PROBLEM: The mechanisms of the immunosuppressive and immunosuppression-in-ducing capacities of Jeg-3 human choriocarcinoma cell line supernatants (HCSs) are not yet completely understood. The influence on interleukin (IL)-2, IL-4 and interferon (IFN)-γ production; IL-2 receptor (IL-2R) α-, β-, and γ-chain; and the signaling pathway molecules Janus kinase (Jak)1, Jak3, signal transducers and activators of transcription (Stat)1, Stat3, and Stat5 should be investigated.
METHOD OF STUDY: For assessment of IL production, whole peripheral venous blood from healthy donors was stimulated with phorbol-myristate-acetate and ionomycine. Secretion of ILs was blocked with monensine. Intracellular ILs were analyzed by flow cytometry. For IL-2R and signaling pathway molecule analysis, peripheral blood lymphocytes were stimulated with phytohemagglutinin (PHA). IL-2R chains were measured by flow cytometry, and Jaks/Stats by sodium dodecyl sulfate polyacrylamide gel electrophoresis (SDS-PAGE) and Western blot.

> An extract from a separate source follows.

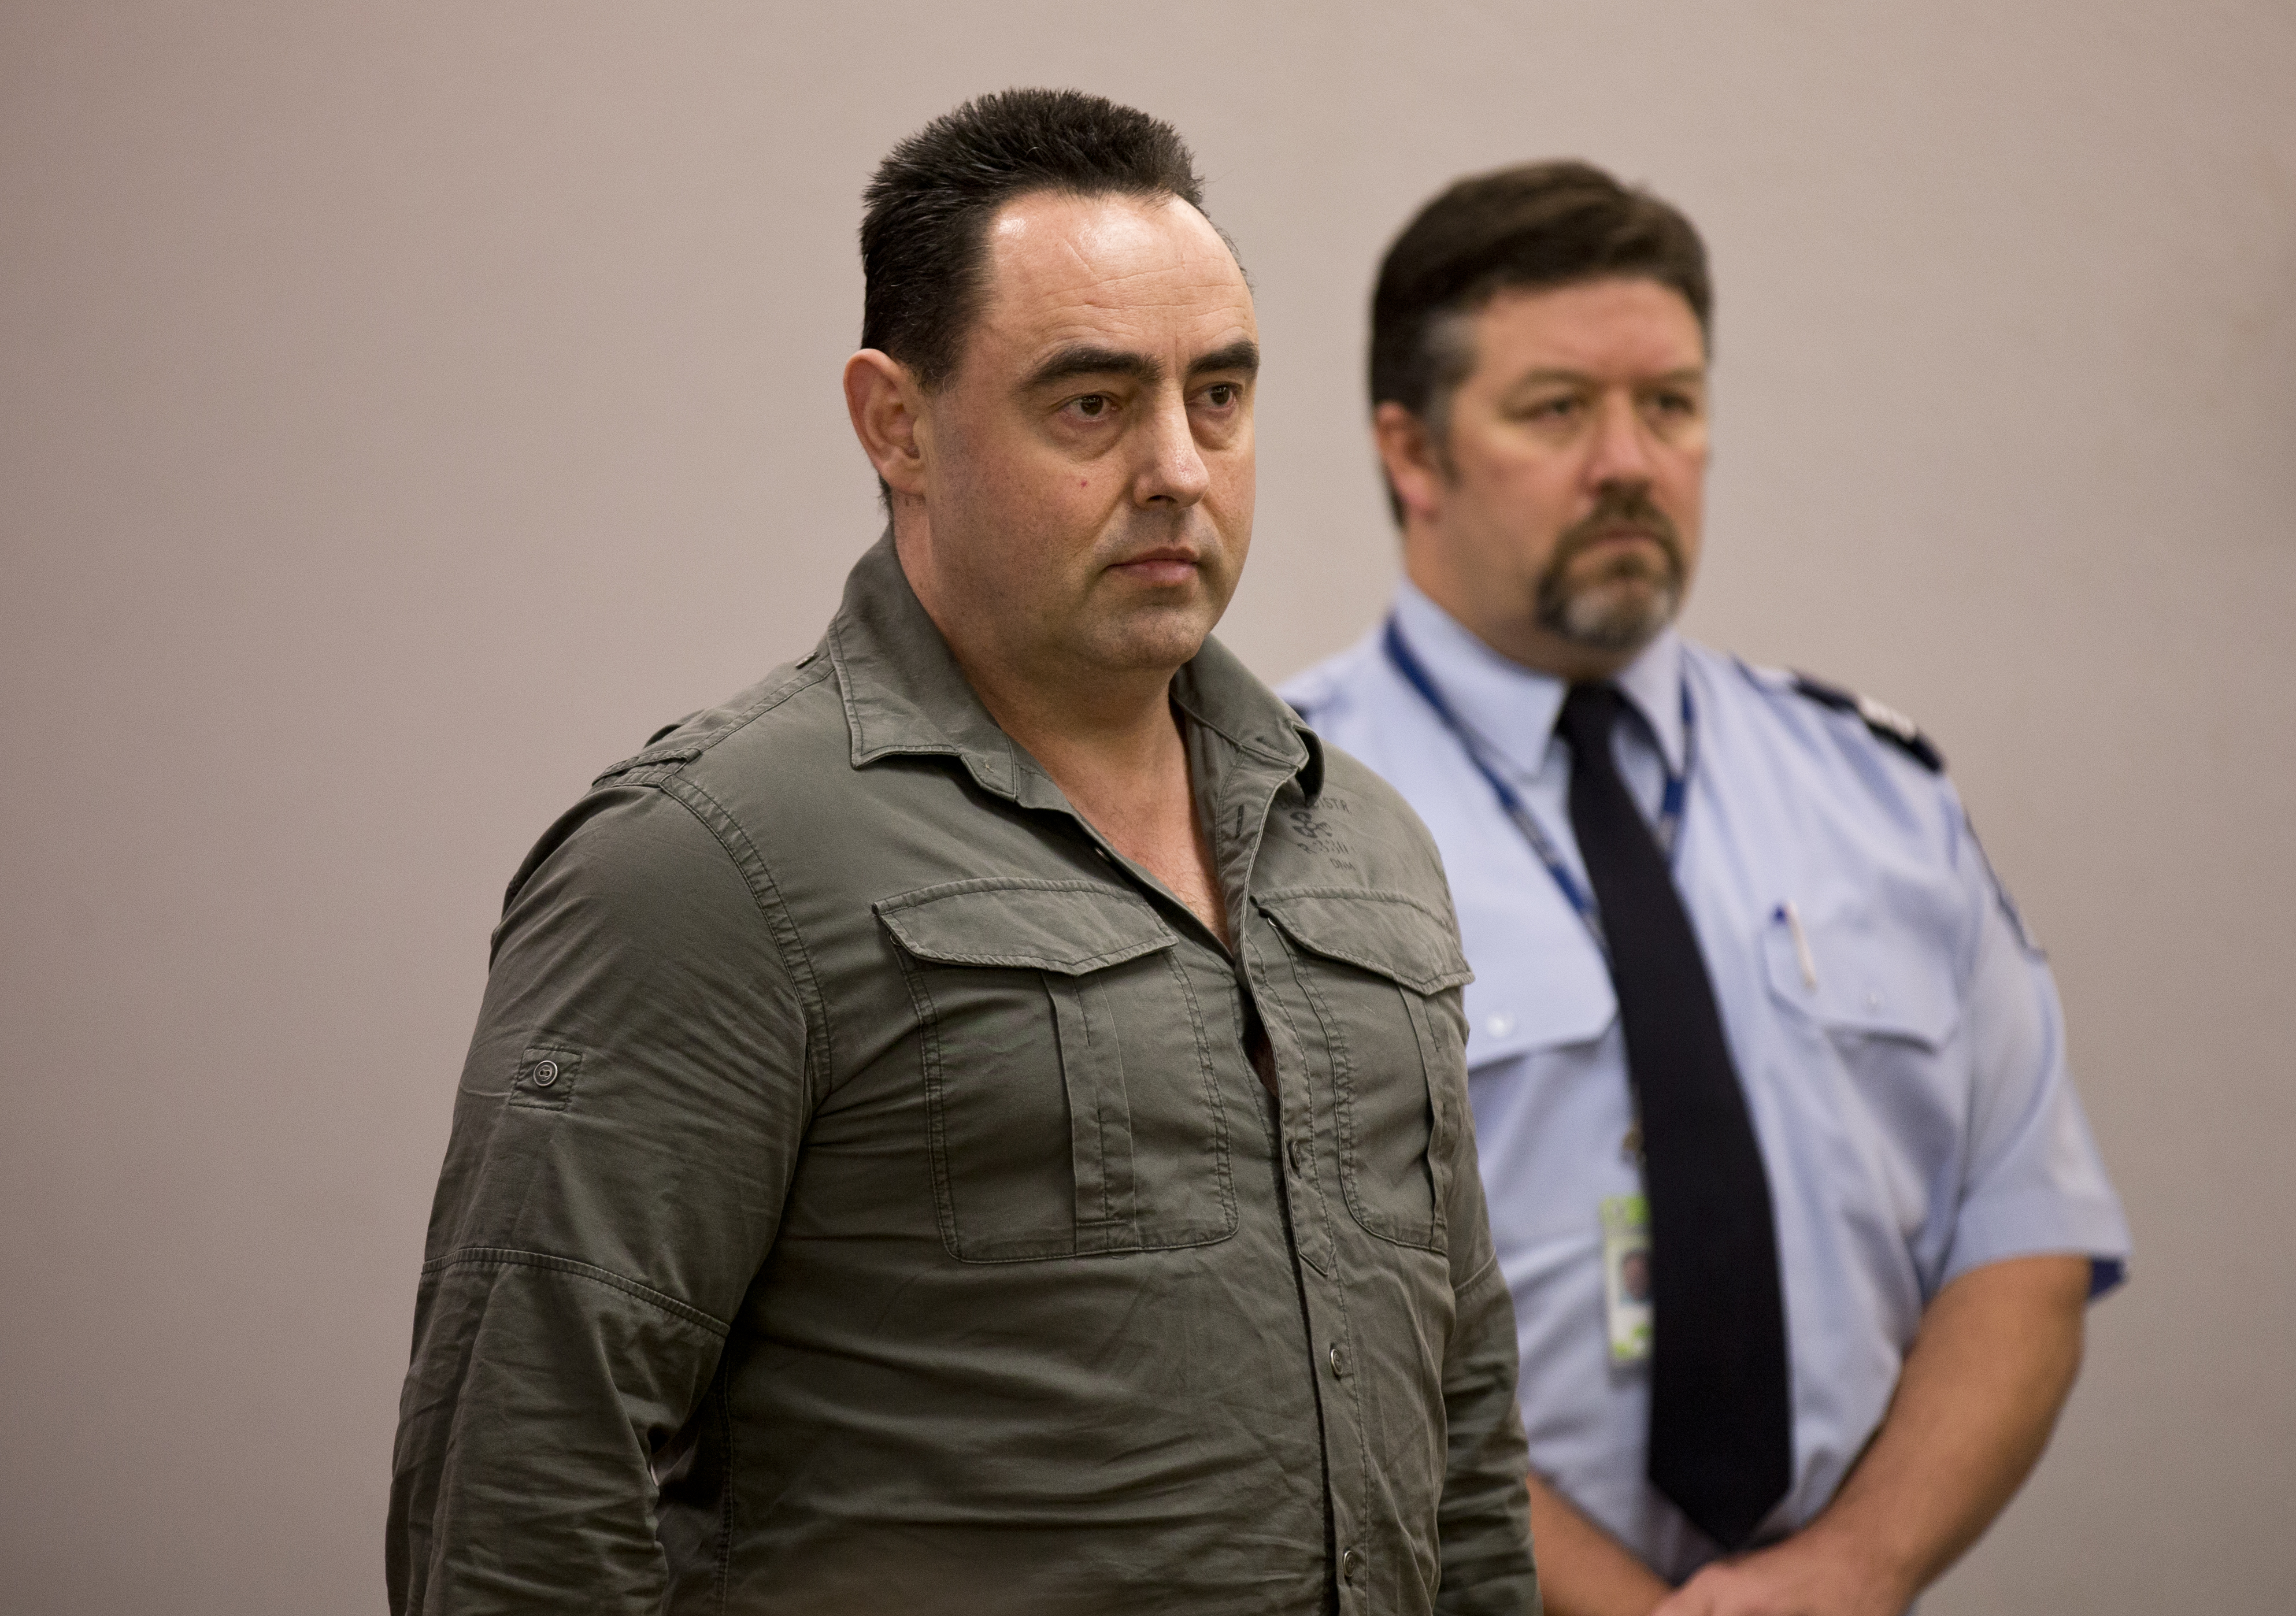 Steroid dealing bodybuilder loses house - NZ Herald

RESULTS: Phorbol-myristate-acetate and ionomycine strongly increase the percentage of IL-2+ cells; an additional 50% HCSs significantly suppresses the percentage to, or below the level of unstimulated cells. IFN-γ production is strongly decreased by HCSs in some cases, but not in others. PHA stimulates IL-2R α-, β-, and γ-chain expression and their signaling pathway molecules Jak1, Jak3, Stat1, Stat3, and Stat5. 50% HCS downregulates the α-chain and slightly upregulates the β-chain. Jak1, Jak3, Stat1, Stat3, and Stat5 expression is suppressed approximately to, or below the level of unstimulated cells.

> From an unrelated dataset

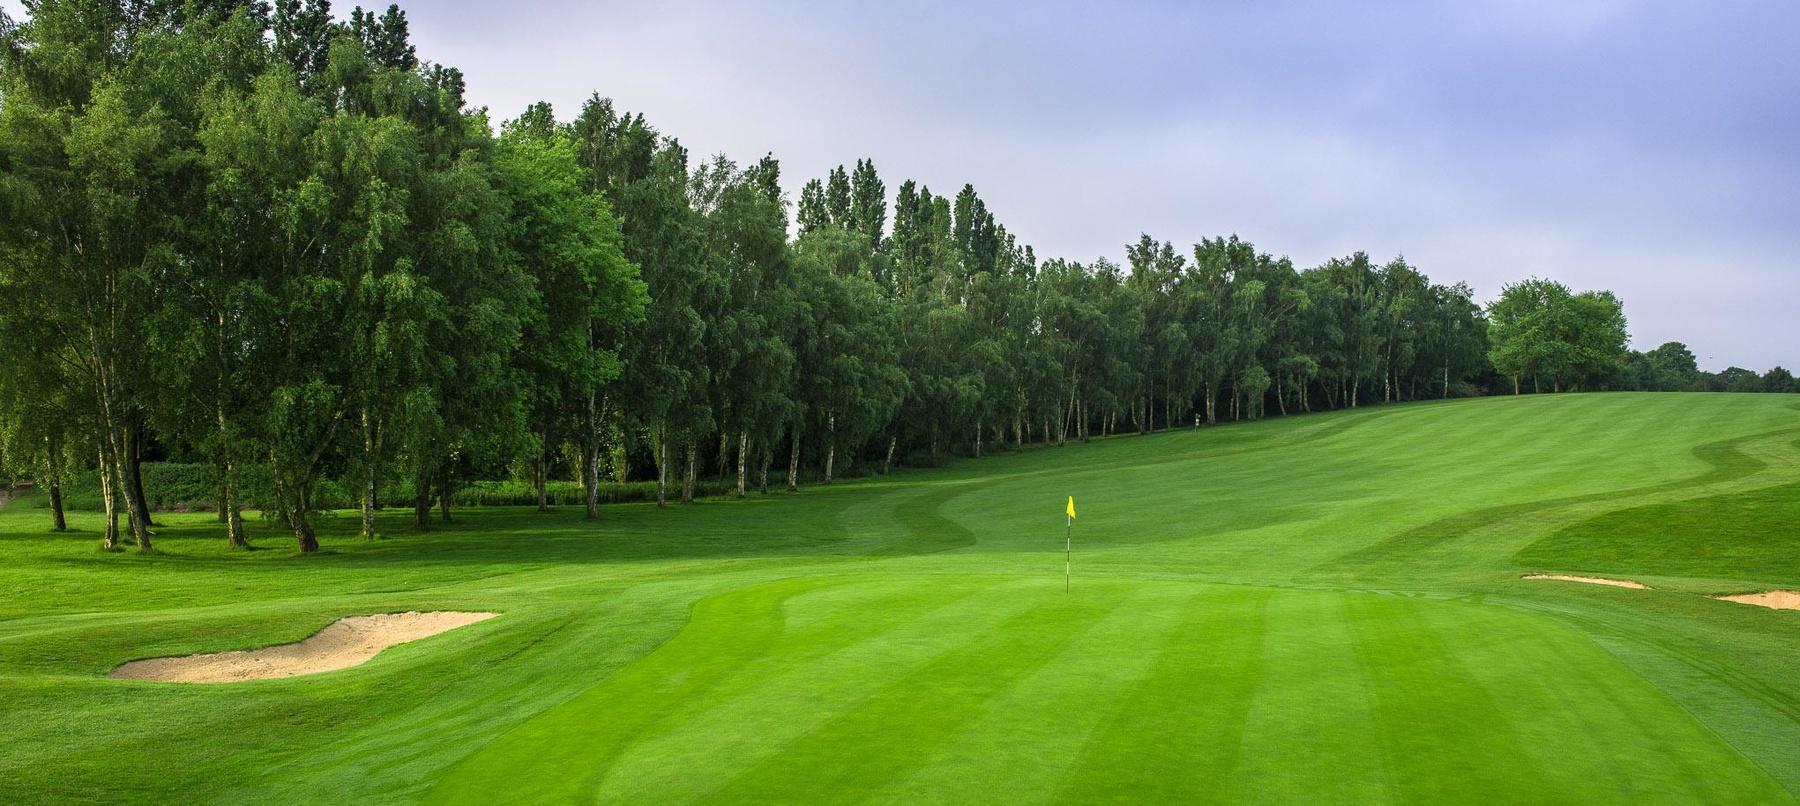 BGL_Hoebridge_cropHiseman_GolfCourse_72dpi_EmailWeb-7

CONCLUSIONS: HCS forcefully blocks the production of IL-2; the IL-2R α-chain; and Jak1, Jak3, Stat1, Stat3, and Stat5 expression. The observed phenomena might be caused by downregulation of an IL-2R regulation gene, and might play a key role in the expansion of choriocarcinoma, and possibly in the survival of the fetal allograft.